→ WHAT YOU NEED TO DO
The line with "Buitenaanzicht project compact" marks where to begin. Please copy it and each line after it to the end of the records below, exactly.

*** Block opens ***

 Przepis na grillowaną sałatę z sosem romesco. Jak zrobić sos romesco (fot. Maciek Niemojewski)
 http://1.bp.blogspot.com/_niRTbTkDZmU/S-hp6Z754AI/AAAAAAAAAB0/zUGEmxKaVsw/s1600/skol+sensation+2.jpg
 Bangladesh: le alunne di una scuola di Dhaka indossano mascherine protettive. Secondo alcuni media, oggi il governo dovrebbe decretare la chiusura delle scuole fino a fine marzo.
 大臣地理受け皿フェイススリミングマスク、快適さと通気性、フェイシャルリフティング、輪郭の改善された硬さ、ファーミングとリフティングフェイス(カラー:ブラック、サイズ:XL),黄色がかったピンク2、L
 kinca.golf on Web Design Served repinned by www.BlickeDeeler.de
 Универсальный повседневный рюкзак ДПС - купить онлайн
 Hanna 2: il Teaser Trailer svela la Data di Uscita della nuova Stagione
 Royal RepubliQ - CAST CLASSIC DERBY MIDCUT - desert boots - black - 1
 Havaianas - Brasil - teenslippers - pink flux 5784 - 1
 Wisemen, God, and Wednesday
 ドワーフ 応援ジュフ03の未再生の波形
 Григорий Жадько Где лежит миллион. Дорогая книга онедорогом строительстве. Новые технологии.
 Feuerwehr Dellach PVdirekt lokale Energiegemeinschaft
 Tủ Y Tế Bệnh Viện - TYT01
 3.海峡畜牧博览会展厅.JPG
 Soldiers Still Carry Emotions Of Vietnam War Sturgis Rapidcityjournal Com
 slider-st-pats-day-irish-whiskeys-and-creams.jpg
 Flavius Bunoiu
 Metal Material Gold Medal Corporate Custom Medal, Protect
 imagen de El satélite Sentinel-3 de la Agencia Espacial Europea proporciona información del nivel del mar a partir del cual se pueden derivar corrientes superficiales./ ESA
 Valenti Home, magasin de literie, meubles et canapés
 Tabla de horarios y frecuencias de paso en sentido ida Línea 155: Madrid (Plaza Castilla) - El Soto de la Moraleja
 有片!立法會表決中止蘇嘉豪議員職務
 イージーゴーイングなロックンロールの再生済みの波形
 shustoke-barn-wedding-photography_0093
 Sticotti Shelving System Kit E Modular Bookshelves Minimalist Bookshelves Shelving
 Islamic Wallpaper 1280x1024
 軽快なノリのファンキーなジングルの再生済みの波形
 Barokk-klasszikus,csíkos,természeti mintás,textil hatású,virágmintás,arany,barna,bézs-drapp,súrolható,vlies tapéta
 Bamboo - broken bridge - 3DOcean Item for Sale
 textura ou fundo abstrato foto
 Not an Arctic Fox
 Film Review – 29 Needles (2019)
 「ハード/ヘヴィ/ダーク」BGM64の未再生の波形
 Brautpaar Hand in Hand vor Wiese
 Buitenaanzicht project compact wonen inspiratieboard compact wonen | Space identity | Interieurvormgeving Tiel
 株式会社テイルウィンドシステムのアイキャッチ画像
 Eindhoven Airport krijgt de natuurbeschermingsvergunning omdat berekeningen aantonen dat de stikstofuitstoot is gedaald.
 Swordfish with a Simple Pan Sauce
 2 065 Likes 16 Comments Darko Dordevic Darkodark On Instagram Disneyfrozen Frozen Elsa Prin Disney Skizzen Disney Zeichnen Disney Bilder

*** Block closes ***

→ ANSWER SPACE
 Buitenaanzicht project compact wonen inspiratieboard compact wonen | Space identity | Interieurvormgeving Tiel
 株式会社テイルウィンドシステムのアイキャッチ画像
 Eindhoven Airport krijgt de natuurbeschermingsvergunning omdat berekeningen aantonen dat de stikstofuitstoot is gedaald.
 Swordfish with a Simple Pan Sauce
 2 065 Likes 16 Comments Darko Dordevic Darkodark On Instagram Disneyfrozen Frozen Elsa Prin Disney Skizzen Disney Zeichnen Disney Bilder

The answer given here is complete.